How to Develop a RAG-Based Search System and Connect It to Drupal CMS

16 / Jan / 2025 by Dharmendra Singh 0 comments

Introduction

In today’s information-driven world, delivering precise and contextually relevant search results is a critical challenge. This is where RAG (Retrieval-Augmented Generation) systems shine, combining the power of retrieval-based approaches with advanced generation models to enhance search accuracy and relevance.

In this blog, we’ll explore how to build a robust RAG-based search system using a Vector Database—a cutting-edge technology designed for handling high-dimensional data like embeddings from machine learning models. We’ll also demonstrate how to integrate this advanced search system seamlessly with Drupal CMS, a popular content management platform, ensuring a smooth user experience for both developers and end-users.
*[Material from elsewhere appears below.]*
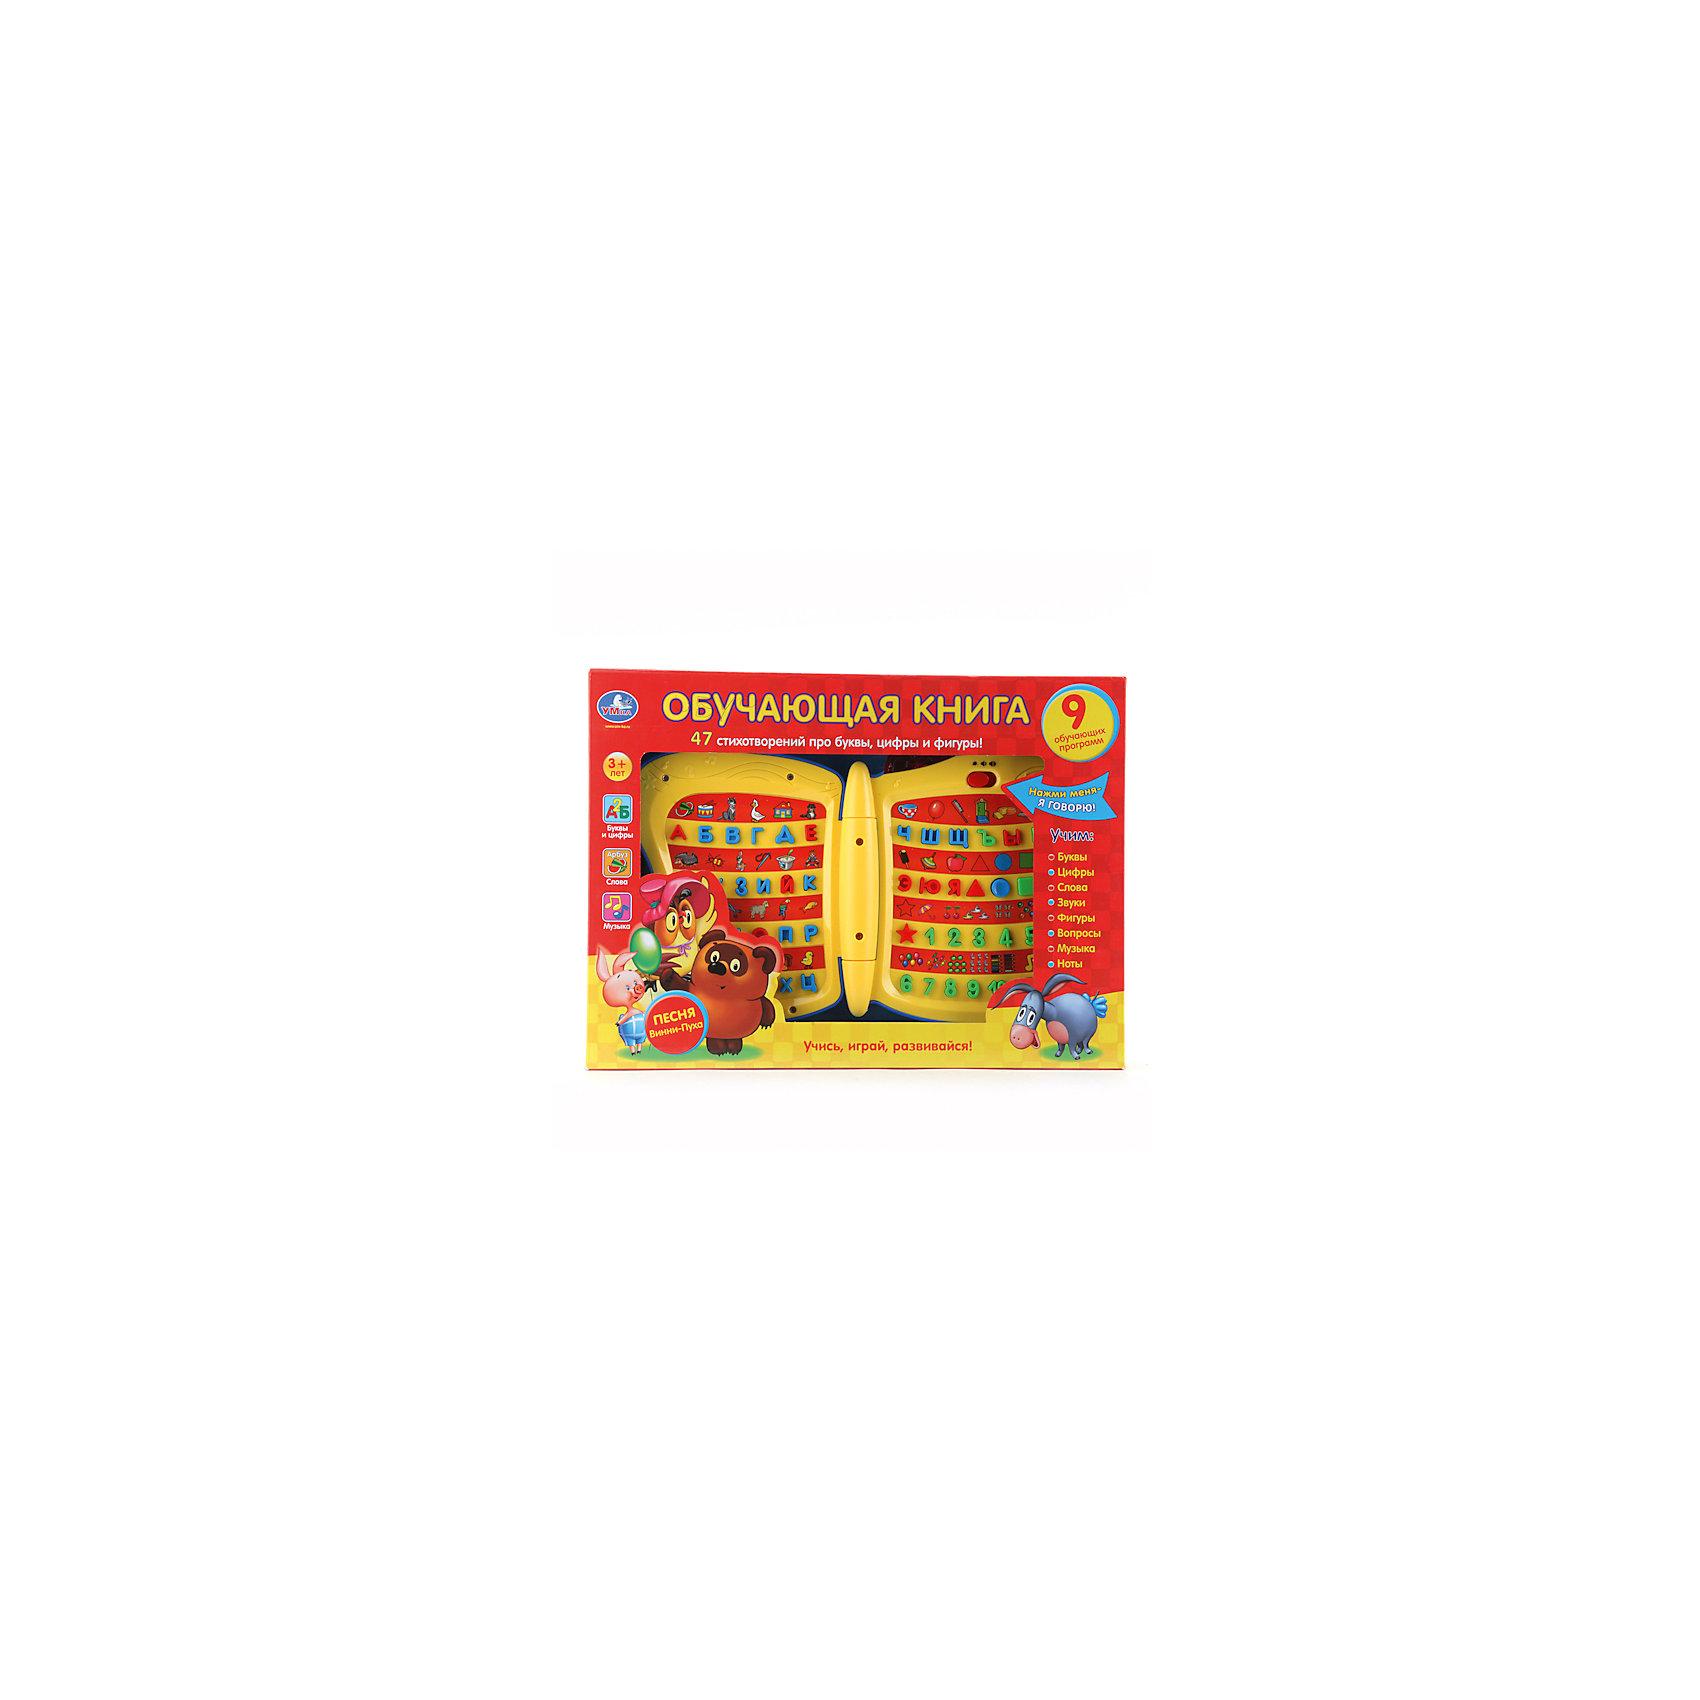 Обучающая книга Винни-Пуха, со светом и звуком, 9 программ, УмкаИнтерактивные игрушки для малышей<br>Обучающая книга Винни-Пуха, со светом и звуком - кладезь знаний и увлекательное пособие для малышей. Книжка яркая и озвучена профессиональными актерами! В режиме «обучение», ребёнок услышит названия цифр, фигур и букв. В режиме «экзамен», малыш закрепит полученные знания. В режиме «стихи», ребёнок услышит стихотворения, которые помогут лучше усвоить знания. А песенка из любимого мультфильма про Винни Пуха поможет развлечься! Игрушка способствует развитию речи, внимания, памяти, визуального и слухового восприятия.  Играй, учись, развивайся!<br><br>Дополнительная информация:<br><br>- 9 обучающих программ;<br>- 47 стихотворений про буквы, цифры, фигуры;<br>- В игровой форме поможет выучить: буквы, цифры, слова, звуки, фигуры, вопросы, ноты;<br>- Яркий дизайн;<br>- Понравится поклонникам мультфильма про Винни Пуха;<br>- Световые кнопки;<br>- Озвучена профессиональными актерами;<br>- Батарейки 3 х АА входят в комплект;<br>- Размер игрушки: 30 х 17,5 х 2 см;<br>- Вес: 740 г <br>Внимание! Цвет данного товара представлен в ассортименте и возможно получение товара в розовом, красном, синем цвете. При заказе нескольких единиц товара, возможно получение одинаковых.<br><br>Обучающую книгу Винни-Пуха, со светом и звуком, 9 программ, Умка можно купить в нашем интернет-магазине.<br><br>Ширина мм: 340<br>Глубина мм: 60<br>Высота мм: 250<br>Вес г: 740<br>Возраст от месяцев: 12<br>Возраст до месяцев: 60<br>Пол: Унисекс<br>Возраст: Детский<br>SKU: 3939478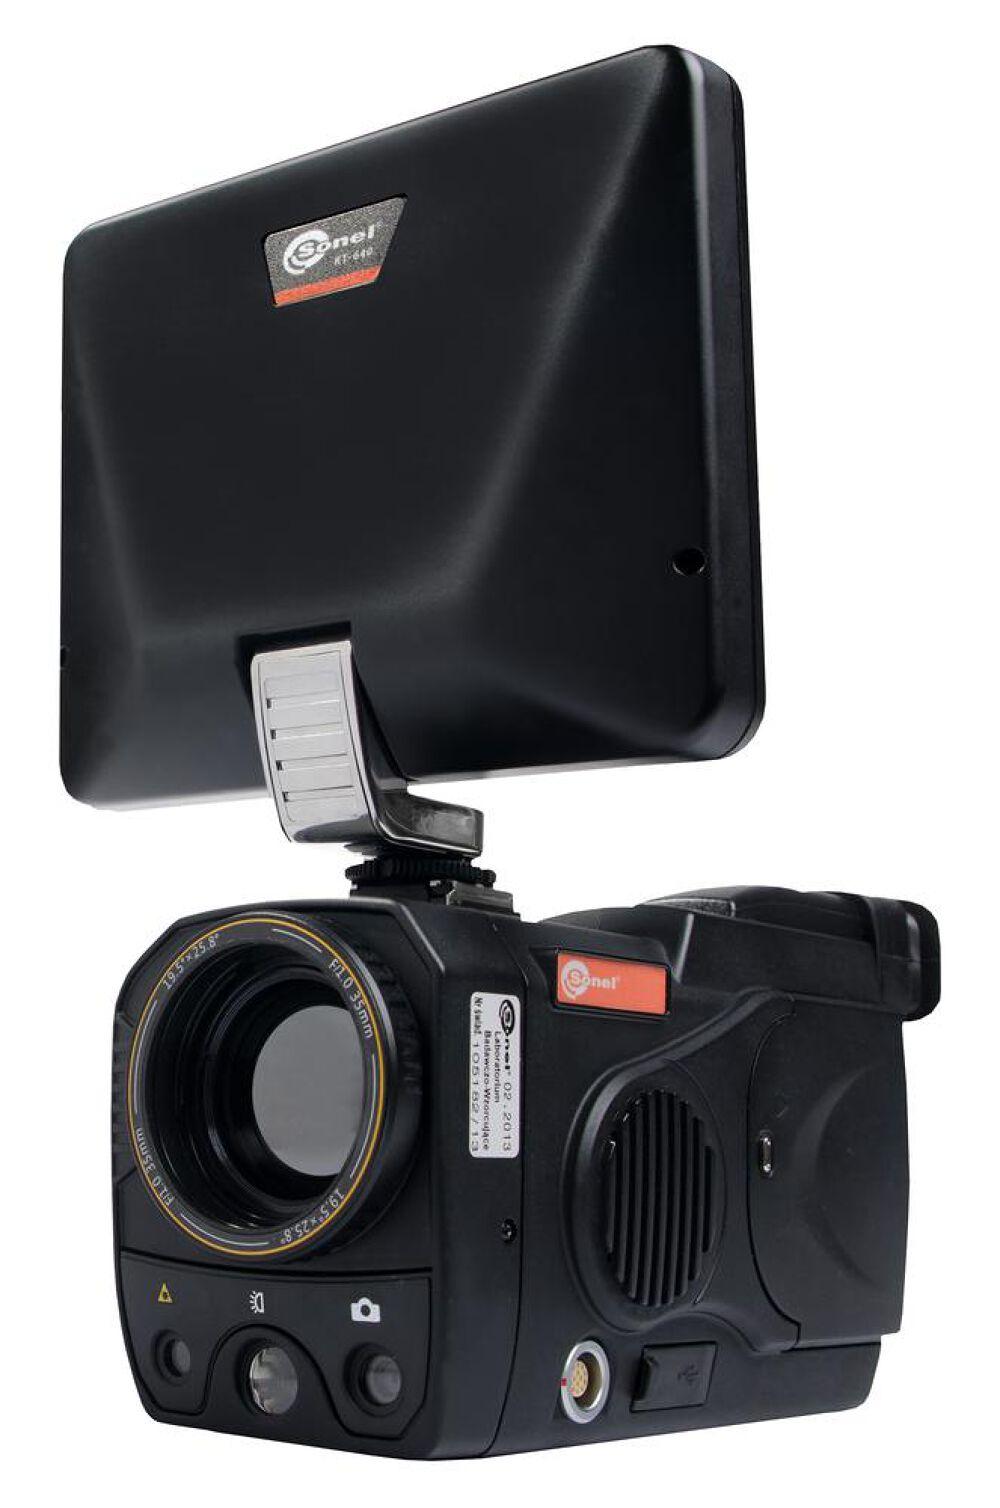 Máy ảnh nhiệt Sonel KT-640

By the end of this guide, you’ll gain insights into:

  • The fundamentals of RAG-based search systems and their benefits.
  • How vector databases work and why they are ideal for RAG.
  • Step-by-step integration of a RAG system with Drupal CMS to optimize content discovery.

What is a RAG System?

A Retrieval-Augmented Generation (RAG) system uses two main components:

  1. Retrieval Component: Fetches relevant documents or data from a dataset based on a query.
  2. Generation Component: Uses the retrieved documents to generate a response that is contextually accurate and relevant.

Why Use Qdrant?

Qdrant is an open-source vector database designed for real-time search and scalable applications. It’s optimized for handling large-scale data with high performance and offers features like:

  • High-speed vector similarity search
  • Scalability and distribution
  • Advanced filtering and querying capabilities

Integrating Qdrant with a RAG System:

Step 1: Setting Up Qdrant

  • Installation: Follow the Qdrant installation guide to set up Qdrant on your server.
  • Configuration: Configure Qdrant based on your requirements, such as the number of shards and replicas for distributed setups.

Step 2: Prepare Your Data

To make your RAG system accessible, you can wrap its functionality in a Flask-based REST API. Flask is lightweight, easy to use, and ideal for deploying APIs.

API Structure
We’ll create two endpoints:

  • Feed API: Accepts data, generates embeddings, and uploads them to Qdrant.
  • Ask API: Accepts a user query, retrieves relevant context from Qdrant, and returns an AI-generated response.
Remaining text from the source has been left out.